In Splunk SIEM, Carbon Black Cloud is configured from the Application Configuration menu option under the Administration menu.
VMware Base Configuration
The options configured on the VMware Base Configuration tab will update settings in local/eventtypes.conf.
| Setting | Description |
|---|---|
| Base Index | Specifies where the Carbon Black Cloud data is indexed and searched. This is required on the searching tier. |
| Action Index | Specifies where Outputs generated from alert actions are stored and searched. This is required on the searching tier. |
| Data model acceleration | Enables acceleration for the VMware_CBC data model for quicker pivot searches. |
| Use data model summaries only | Enables the dashboards to use summary information from he VMware_CBC data model accelerations for quicker load times. |
API Configurations
Use the API Configuration tab to configure access to Carbon Black Cloud. The application supports multiple API configurations to enable data from multiple Carbon Black Cloud organizations to be ingested.
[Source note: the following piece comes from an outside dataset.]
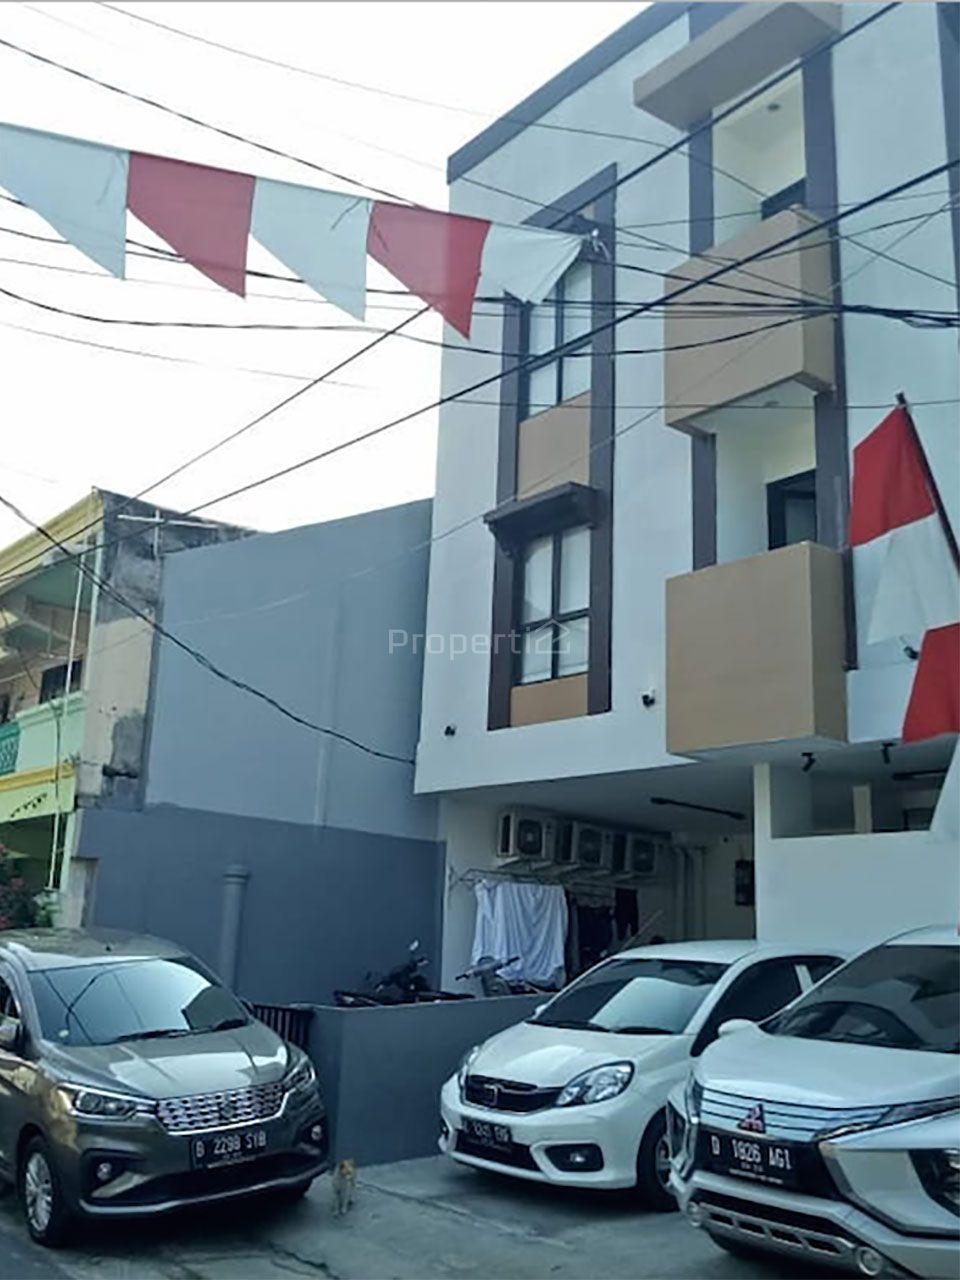 New Boarding House at Tebet, DKI Jakarta

To set up Carbon Black Cloud API Access keys, see Carbon Black Cloud API Access.
Alert Actions
Custom Commands
See Carbon Black Cloud Custom Commands for Splunk SIEM for configuration details and usage examples.
Modifying any configurations in /default causes your changes to be overwritten when the app is upgraded. If such modifications are required or directed to by Support, create the appropriate configuration files in /local and include the stanza attributes that are being changed.
Data Forwarder
You can optionally set up a Data Forwarder to get alerts, watchlist hits, and endpoint events from Carbon Black Cloud to Splunk SIEM by using AWS S3 and SQS.
See Data Forwarder Setup.
Data Model
Carbon Black Cloud includes a datamodel: VMWare_CBC. The VMWare_CBC data model is a clone of the Alert and Endpoint data models from the Splunk CIM. This data model is not accelerated by default; however, accelerating this data model will improve dashboard performance.
The data model acceleration setting can be changed in the Carbon Black Cloud app under Administration > Application Configuration. Check the setting Acceleration Enabled on the main tab. Make sure that the event types and macros for the app are configured prior to acceleration.